Malformations–Ankyloglossia, fissuring, and median rhomboid glossitis constitute the most common malformations. Median rhomboid glossitis is relatively rare, the characteristics are specific, and its recognition is simple. Nevertheless, many of these cases have been erroneously diagnosed as a lingual neoplasm. It occurs as a slightly elevated red oval patch in the midline of the dorsum of the tongue and just anterior to the circumvallate papillae. It is devoid of filiform papillae, so that its surface is usually smooth and glistening, although it may present a nodular appearance. This condition is benign, congenital, and asymptomatic.
Summary
Pathology of the tongue becomes clinically apparent by way of symptoms and signs. The most important symptom is pain, although there may be alterations in taste, difficulty in speech or swallowing. Signs of lingual pathology are apparent by changes in tongue size, position, mobility, color, coatings, dermatologic lesions, papillary status, grooves, scars, and malformations. Since no one symptom or sign is pathognomonic, it is necessary to fit together the positive subjective and objective findings. These, in combination with an adequate history and physical examination, provide the only means of arriving at an etiologic diagnosis of pathosis in the tongue.

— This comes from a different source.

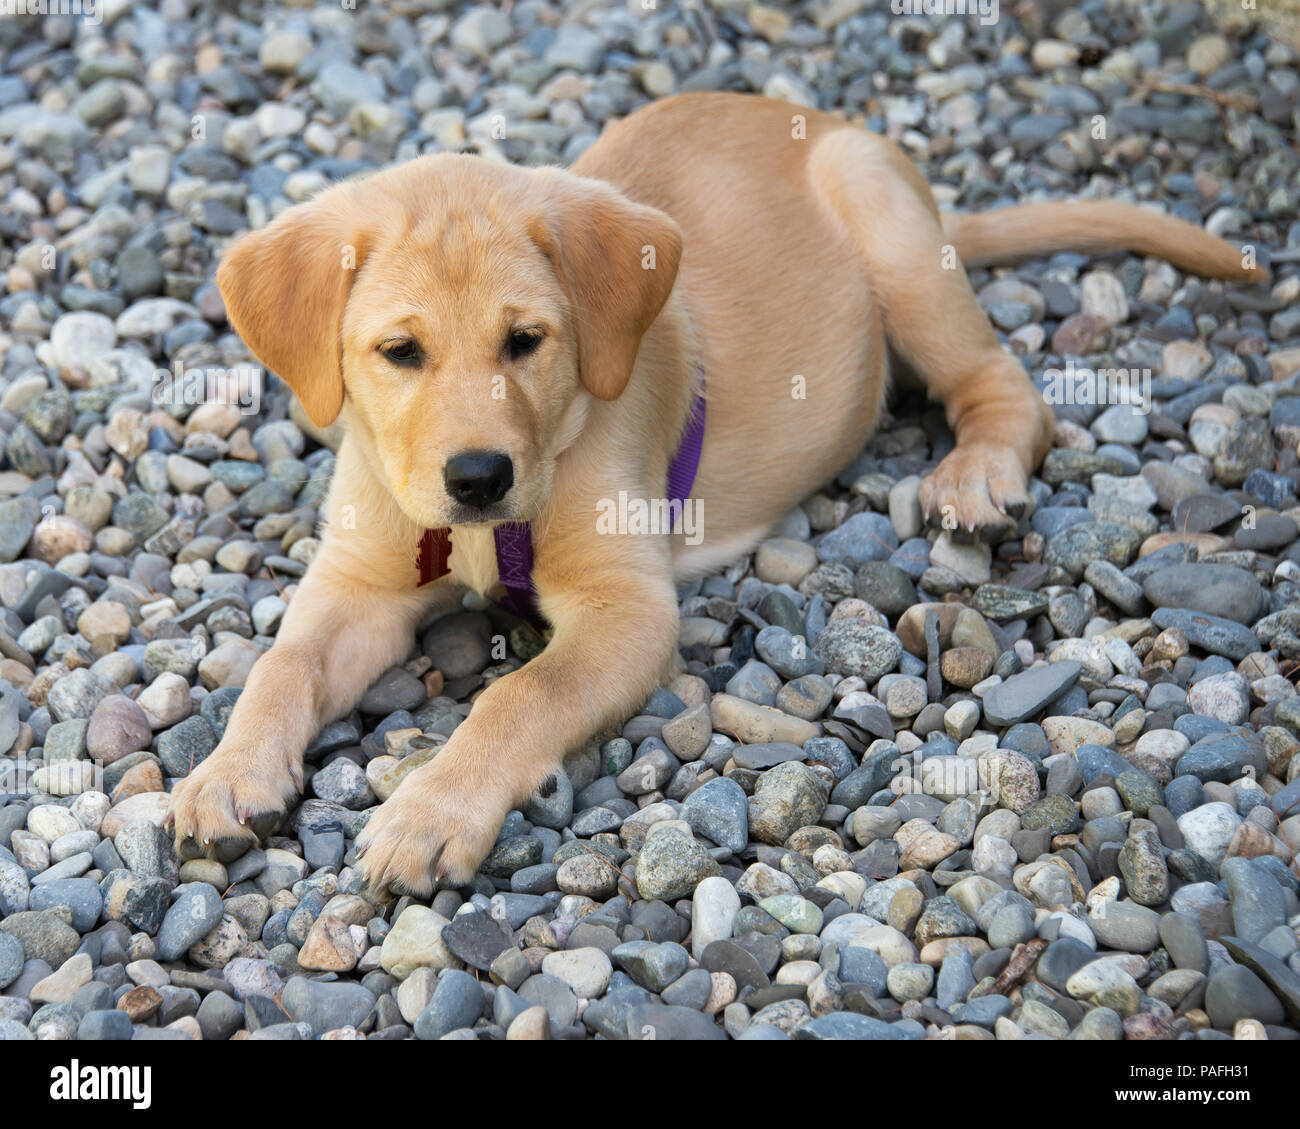 Labrador Mix High Resolution Stock Photography and Images - Alamy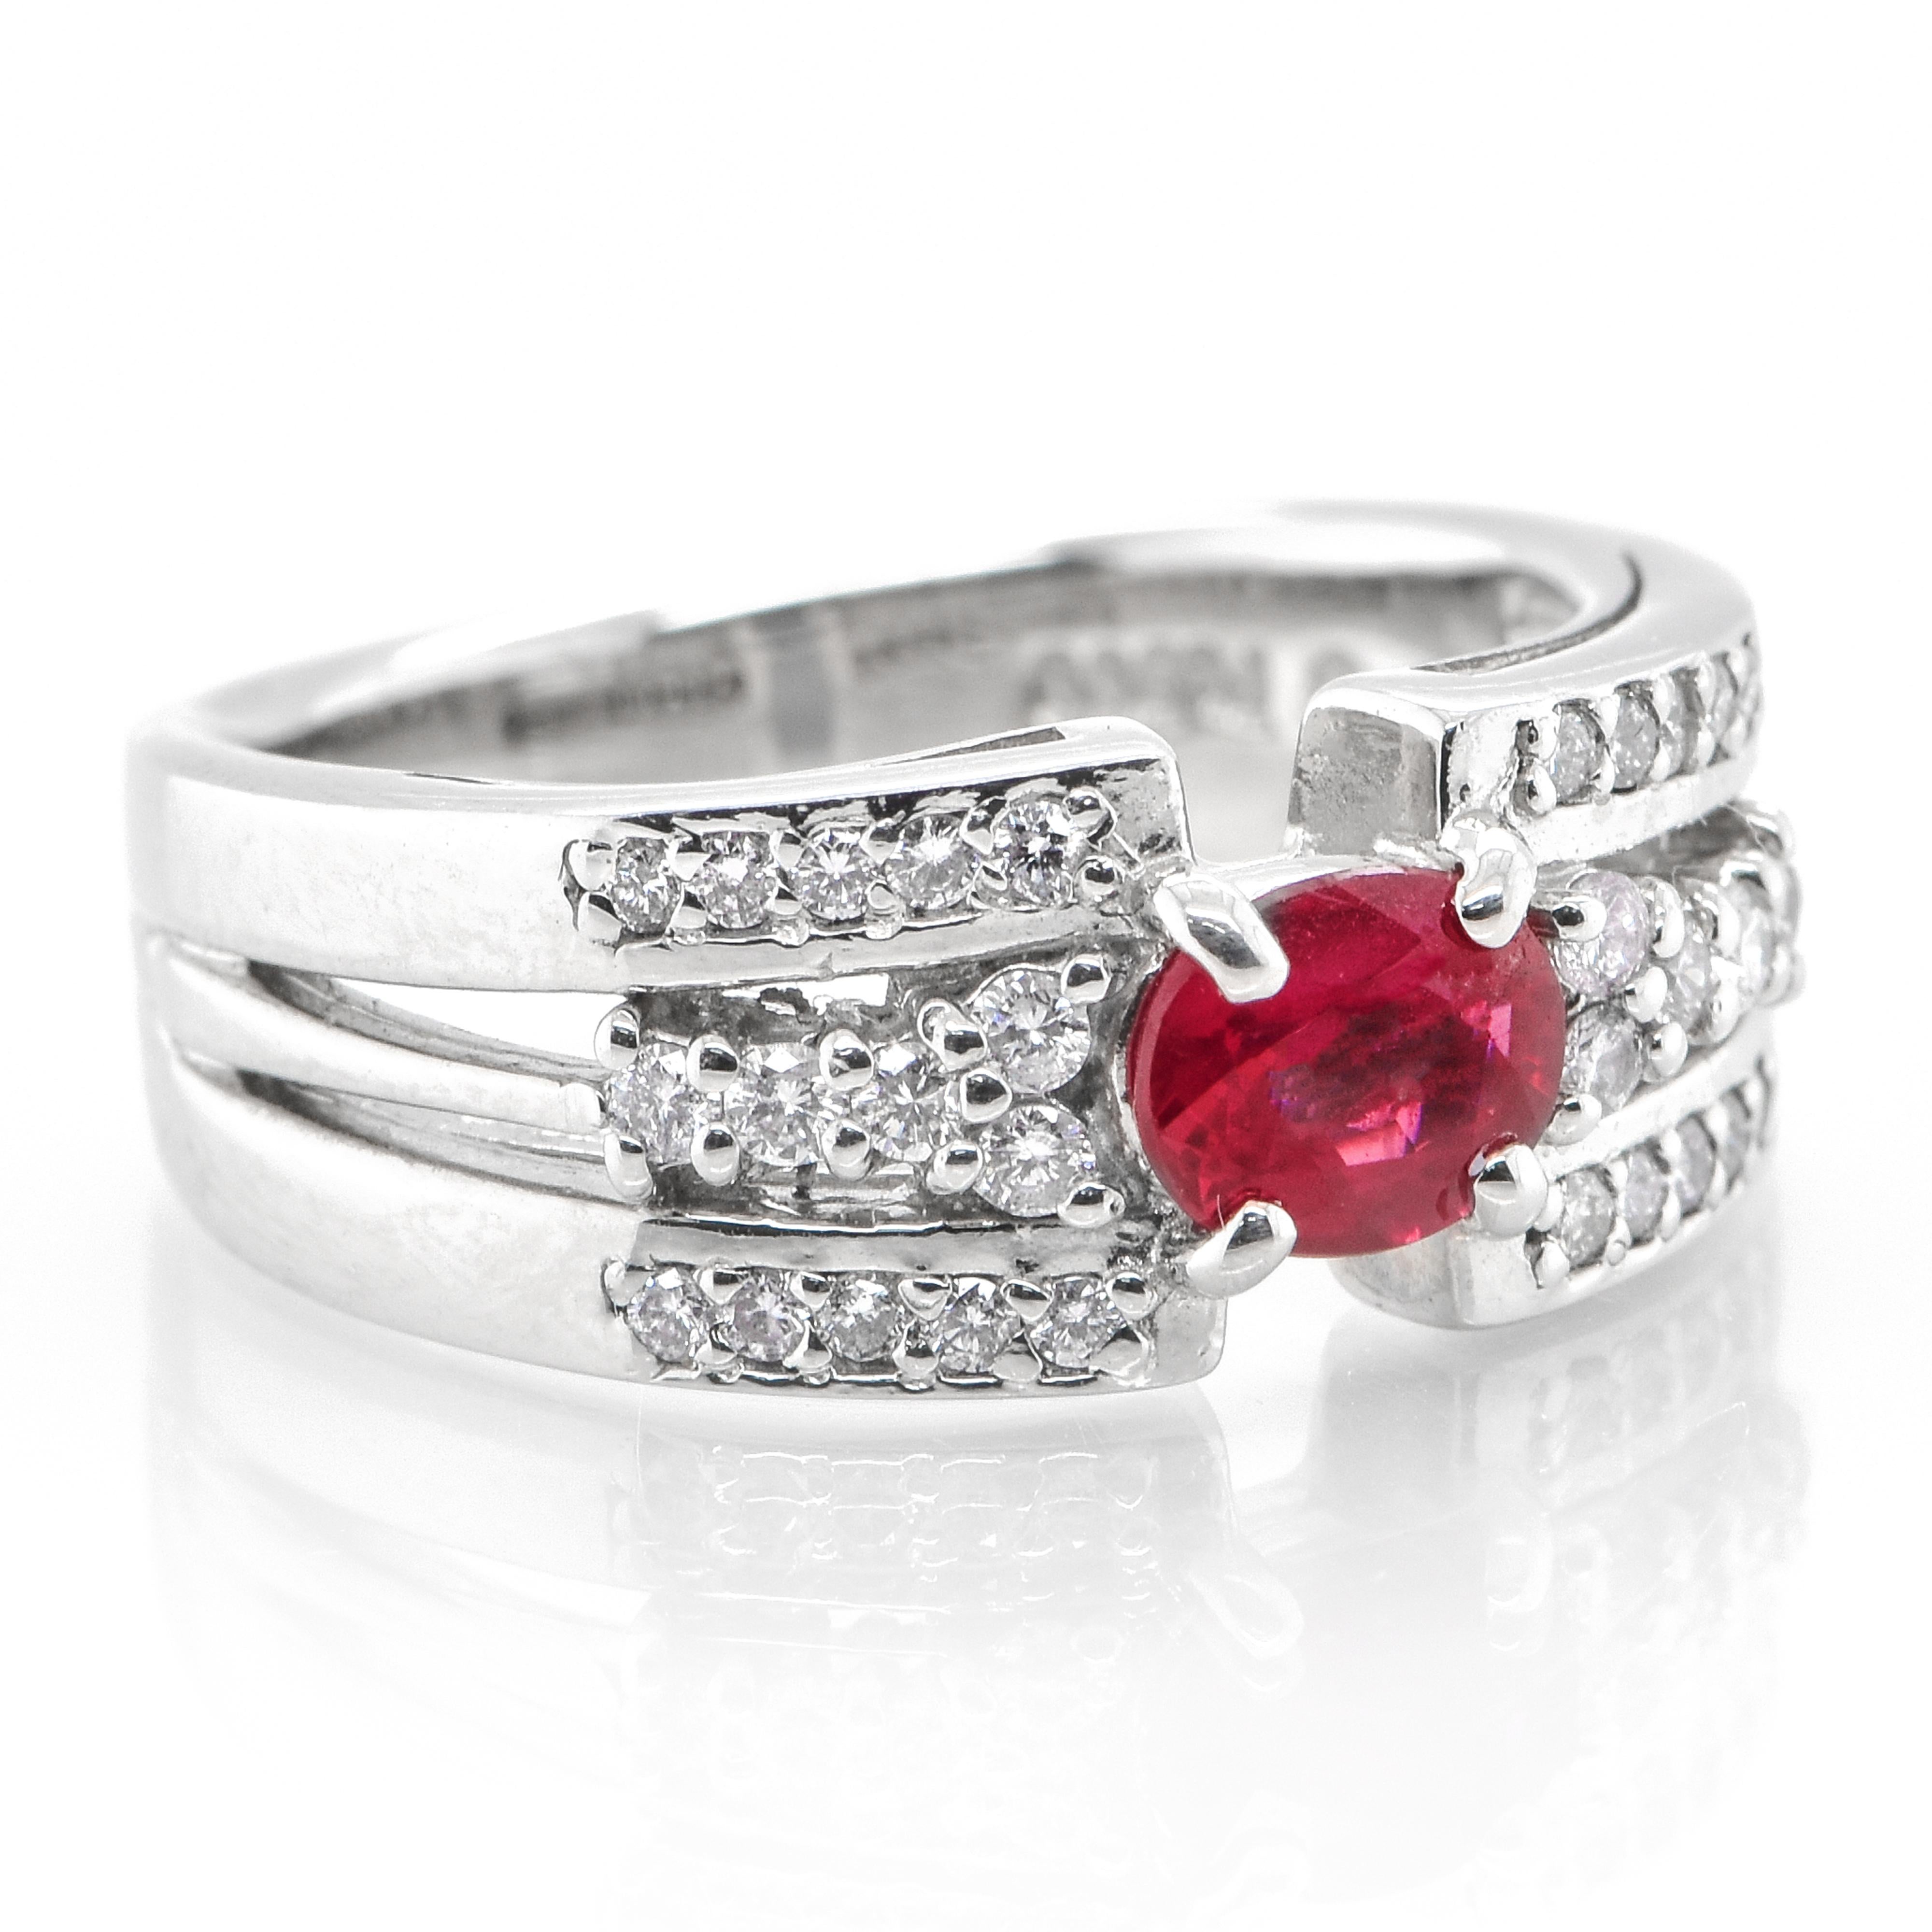 A beautiful ring set in Platinum featuring 0.73 Carats Natural Ruby and 0.28 Carat Diamonds. Rubies are referred to as

Editor’s note: Since the era in which this article was written, society’s understanding of and sensitivity toward physical and developmental disabilities has evolved. Some readers may be offended by references to “mongolism” and other out-of-date terminology. However, this article has been archived as a historical document, and so we have chosen to use Dr. Cheraskin’s exact words in the interest of authenticity. No disrespect toward any individuals or groups is intended.